Giant Swarm is a fast-growing open-source infrastructure management platform used by modern enterprises. Our vision is to empower developers around the world to ship great products. We are a diverse, fully remote (since 2014) and experienced team that is growing and spread across Europe - with a headquarters in Cologne.
- You maintain, operate and upgrade our own and our customer’s Kubernetes clusters.
- You will design, configure, build, and maintain our core infrastructure, from kernel parameters to the cloud provider templates.
- You understand how servers and systems work and you tweak their behavior to your needs.
- You will be responsible for our monitoring, logging and alerting.
- You will help resolve incidents on our own and our customer’s clusters.
- You participate in the on-call support schedule
- You are a go-to person in case our developers need advice regarding infrastructure.
- You will automate all the things, and the thought of Terraform doesn’t make you cry.

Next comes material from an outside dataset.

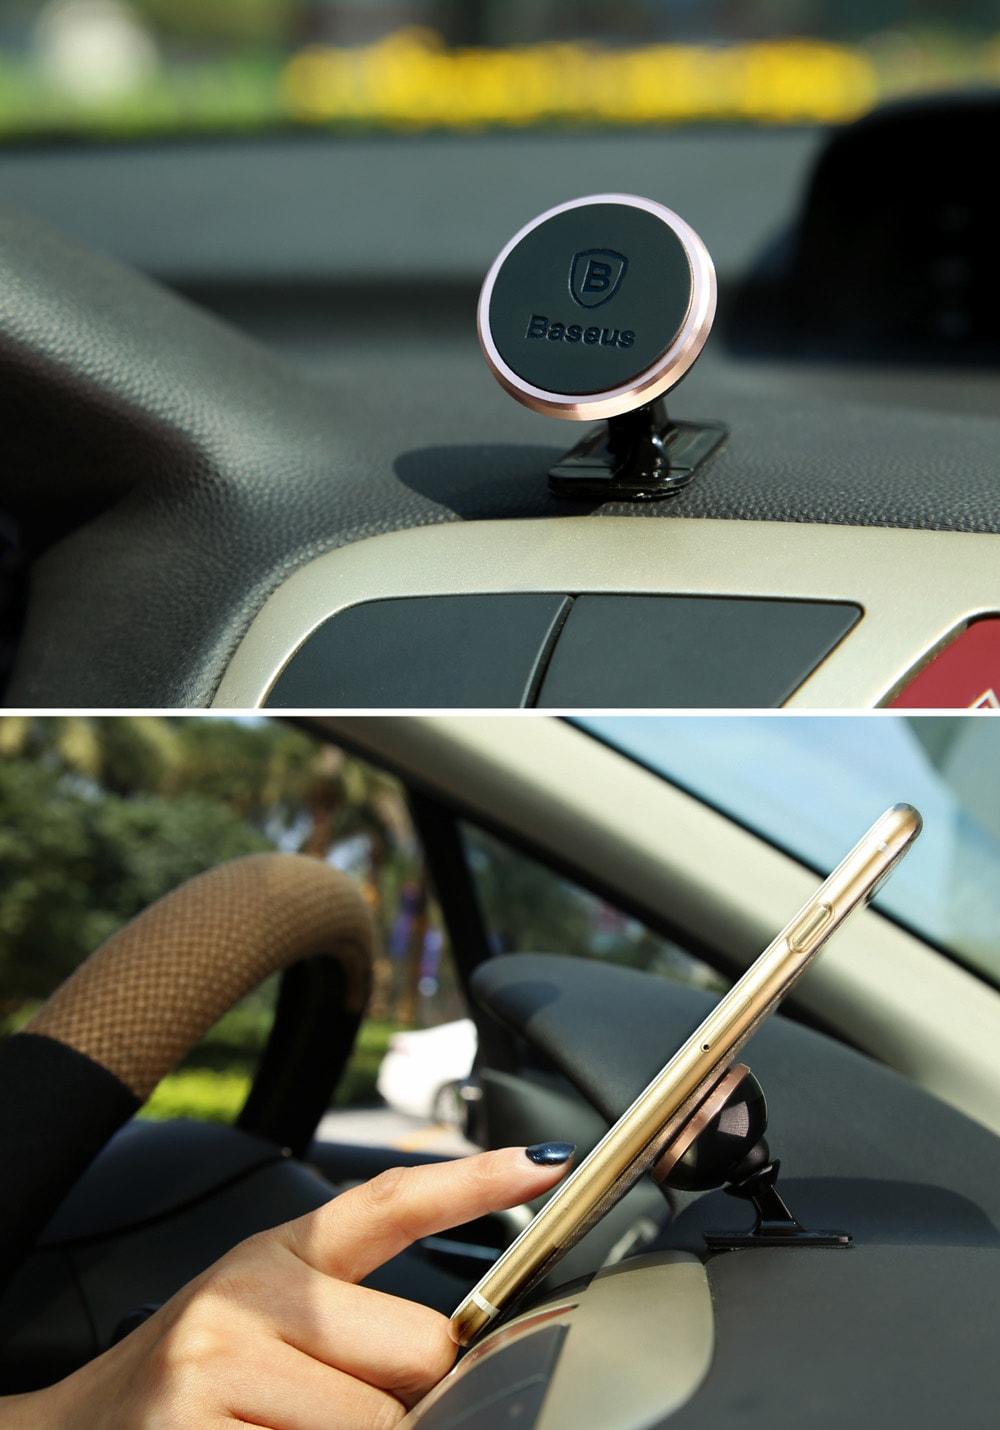 baseus 360 fokos magneses autos tarto 1 - Baseus 360 fokos mágneses autós tartó

- We (and the majority of our customers) are currently mostly distributed around Europe (around UTC), thus, your main time zone should be somewhere between +/-2UTC to ensure better communication.
- You have deep hands-on knowledge of the inner workings of a Kubernetes cluster
- You must be able to configure all cluster components from the ground up with no automated deployment tools (think Kubernetes the Hard Way)
- You’re comfortable debugging systems at all levels, from kernel fundamentals right up to workloads running on Kubernetes.
- You’re happy troubleshooting a wide variety of issues and you’re not afraid to parse thousands of lines of logs in pursuit of an answer.
- You have good coding skills (preferably Go, but Python or similar is fine as well)
- You have experience with maintaining infrastructure with code and you know the pros and cons of various automation tools (We use Terraform & Ansible but Chef, Puppet and the lot is also a good start).
- You are fluent with Cloud Native Tools running on top of Kubernetes (prometheus, grafana, ingress controller, …) you know how to use them and how to configure them.
- You automate all the things by writing code. Using bash scripts makes you sad :)
Important note: We are not hiring job descriptions. We hire humans. :) We welcome applications from everybody, regardless ethnic or national origin, religion, gender identity, sexual orientation or age.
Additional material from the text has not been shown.